Season 14 Race 3 Bahrain - Setup Thread

Yes, I'm faster too with MDF on qualy lap and safer in HDF for race pace.If I find a correct setup and am enough confident on myself I might choose the MDF.
Question about that: can we make the quali lap on MDF, left the game and come back witht the HDF for the race ?
Anyway with 60% closed brake duct and brake engine on 2, I broke my front-left brake after 40 minutes.
 
i need some tips on tyre wear guys, either the setups im using or my general style is not well suited to keeping the tyres alive for long periods, what should i change in either to help me?
 
i need some tips on tyre wear guys, either the setups im using or my general style is not well suited to keeping the tyres alive for long periods, what should i change in either to help me?

Reduce the camber is helpful to reduce the sliding of the car, and so the wear.It helps me a bit.I presume front tires are more a problem that rear right ?

Anyway if you drive in race like in quali, you will never make a 1 stop race.You set the absolute maximum downforce (I saw that in China with your top speed about 278 km/h on the backstraight when I could go to 292 !), and so you litterally absorb all your tire energy very quickly.
And you carry ton of speed in corner's entry, but too much I think ! You just have to reduce your pace and change your driving style.

PS: for the 3rd time, after 45 minutes and 40% brake duct, front left have decided to DNF ! :poop:
I'm really...worry !
 
yup fronts are the main problem, my style has always been to turn in early and use the understeer to make apex's, thats still working to be fast over 1 or 2 laps in rfactor2 but over a distance its not, i'll try some of your suggestions i.e cambers and downforce, regards downforce/wings what did you use at china?
 
In some turns (T13 in Shanghai, T6/T7 at Interlagos) you can really hurt you front tires when understeering because of the speed.

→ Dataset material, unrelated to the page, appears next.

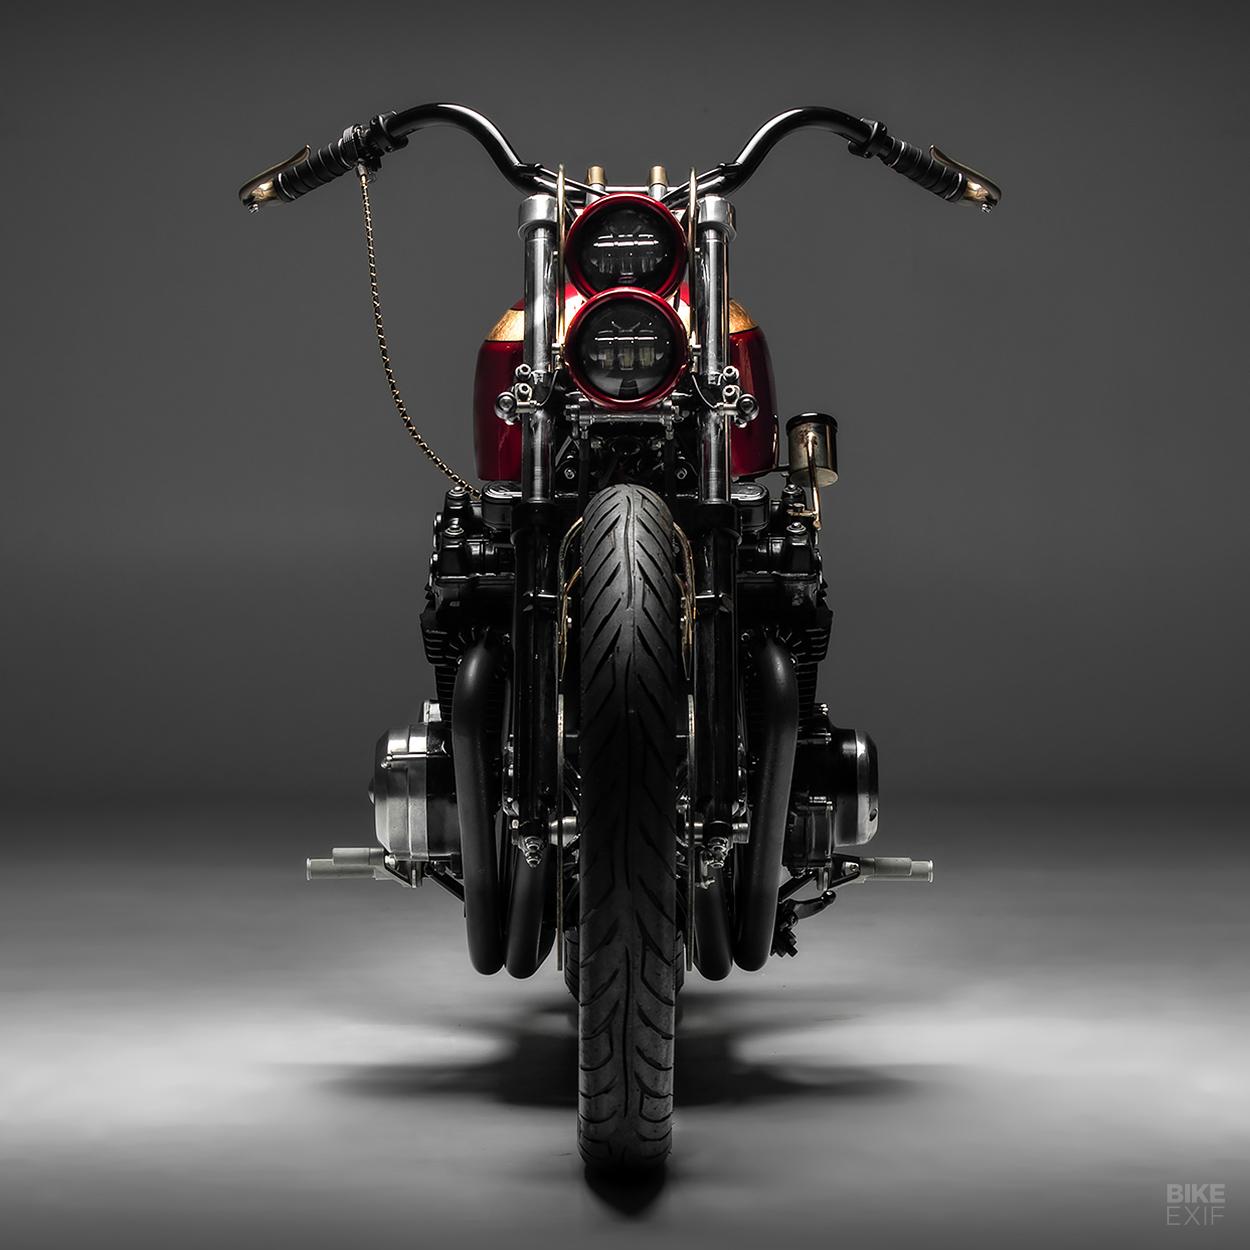 Honda CB900 chopper by Purpose Built Moto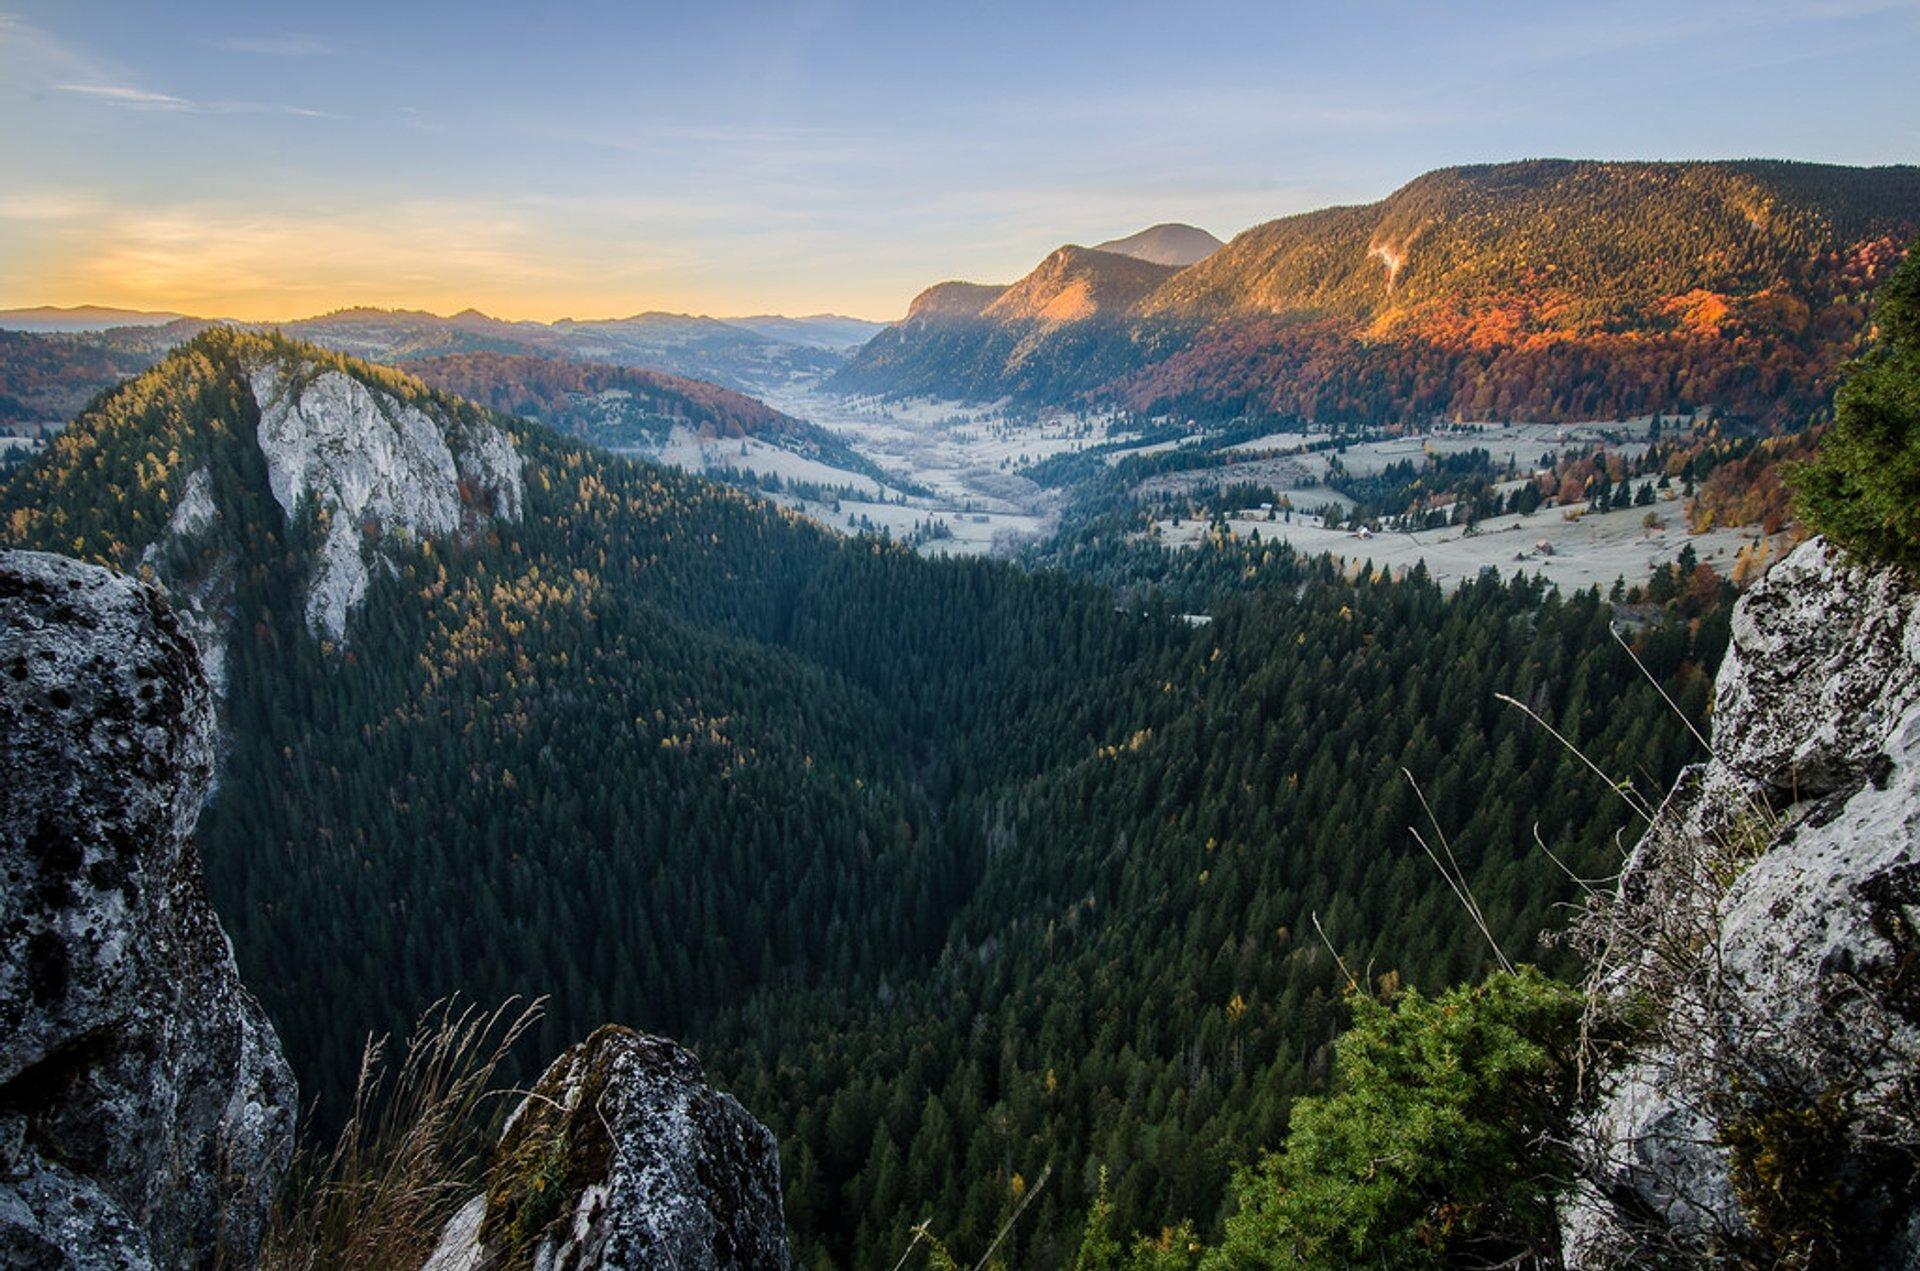 Raul Bicajel valley, Transylvania 2019

In those turns you really need to avoid understeering as much as possible, and for that a technique is to open the wheel a little (ie reduce wheel angle) when you feel the understeering, and then, once you find the grip again (the wheel FFB becomes harder), you can increase the wheel angle a little without loosing the grip.

There are other sources of tire degradation (wheel spin, wheel blocking under braking, and slides) but those are easy to avoid.
 
When I've heard the sky f1 commentators about China, they always stressed the importance of letting the diff setting make a over-steering balance. On power out of corners I can see how that is made, but on corner entry?
 
I just noticed I've been using 380 degrees steering too, thats certainly not helping with understeer, can't even remember why I'd changed that, I was using 420 degrees for Melbourne and Sepang so that could be a big clue as to why my wear has went through the roof last 2 tracks.

Thanks for the suggestions too I'll try everything here :thumbsup:
 
On power out of corners I can see how that is made, but on corner entry?

On corner entry I would say that the higher rotation pace for the outer wheel gives the car more speed without turning too much the wheel, but I don't really understand that setting on the FR 3.5 (it's just theory), I just always put it on 35% for both power and brake and increase the preload to 0.5mm, for every track.And it makes the work...I think !
 
To illustrate what I said, here is the telemetry on me taking the T13 at Shanghai, during the race (lap 15). I "opened" the wheel twice, it has an immediate effect on tire temp (so on tire wear), but not on yaw speed...
telemetry.png
 
There are some specific corners on every track where it pays to slow down on entry even if you could take it faster. Reason is not only the tire temperture in this particular moment, but even moreso the fact that the tire doesn't properly cool down anymore afterwards.

Bahrain is quite easy on the front-tires, but the rears get used a lot with all the accelerating out of slower turns.